The BBC’s film Becoming Matisse is, of course, about the artist Henri Matisse. It focuses on his early years in the humdrum northern French town Bohain-en-Vermandois and the struggle to achieve recognition in late-19th- and early-20th-century Paris. But it is also a portrait of the wider Matisse family—particularly the artist’s wife Amélie. And crucial to telling that story is Sophie Matisse, Henri and Amélie's great-granddaughter, who literally follows her ancestors’ footsteps. It was a tumultuous period, when Matisse met with familial disapproval, critical mockery and establishment scorn and in which the family faced life-threatening illness and society scandal, among much else.

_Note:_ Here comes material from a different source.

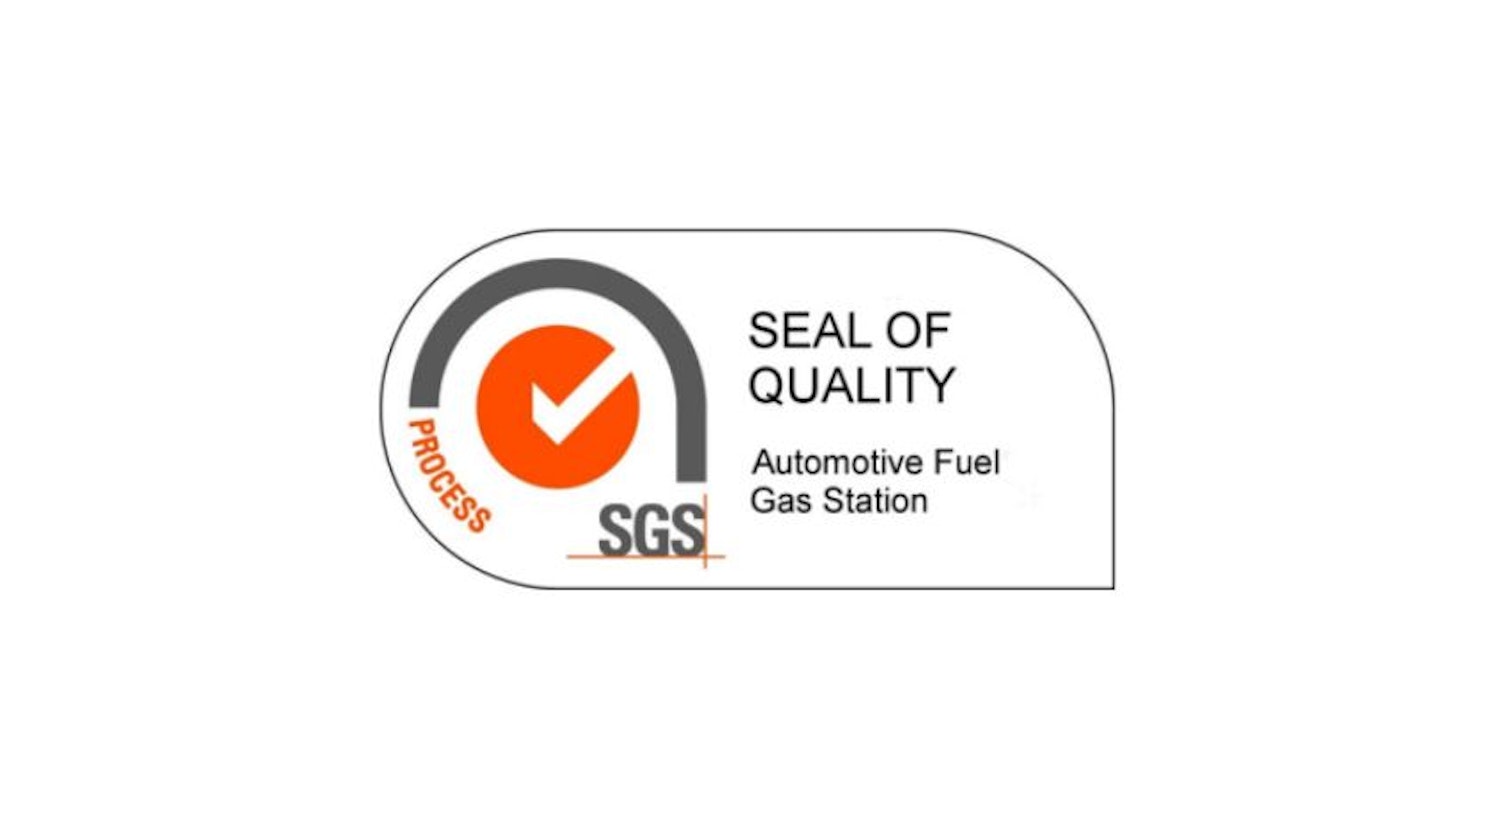 SGS Automotive Fuel Gas Station Seal of Quality
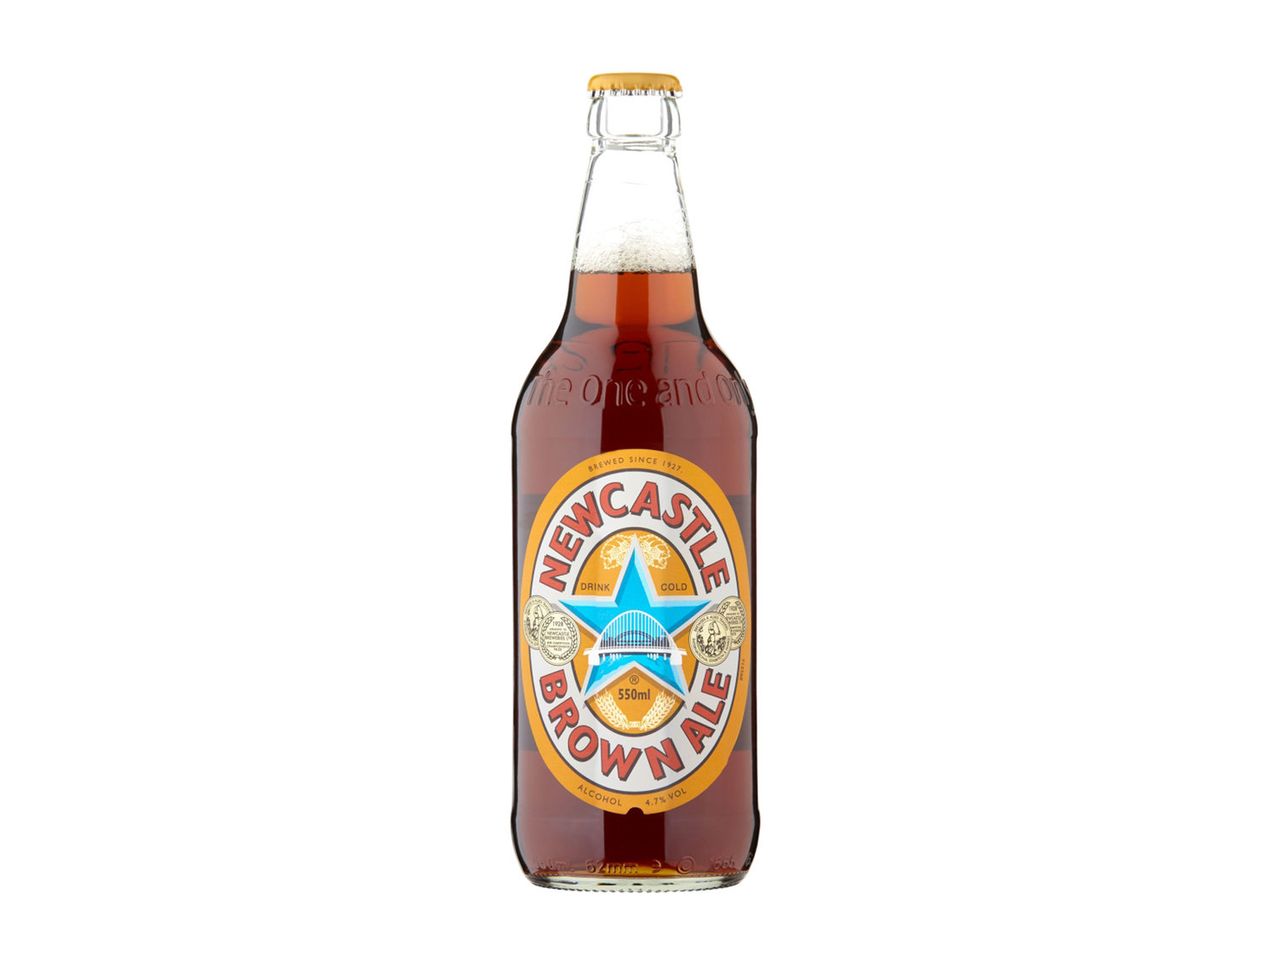 Go to full screen view: Newcastle Brown Ale - Image 1

In an interview for The Week in Art, the podcast from The Art Newspaper, due to be broadcast next week, Sophie Matisse explains that the role of the wider Matisse family grew as she embarked on the journey. “Hugo [Macgregor, the film’s director] approached me with his idea. And it was initially that I would be a vehicle for retracing Matisse's steps and being a family member would provide people with a unique sense of connection,” she says. “The idea of bringing the family in more, for me—maybe this is not how Hugo feels or felt—was something that developed naturally during the film.”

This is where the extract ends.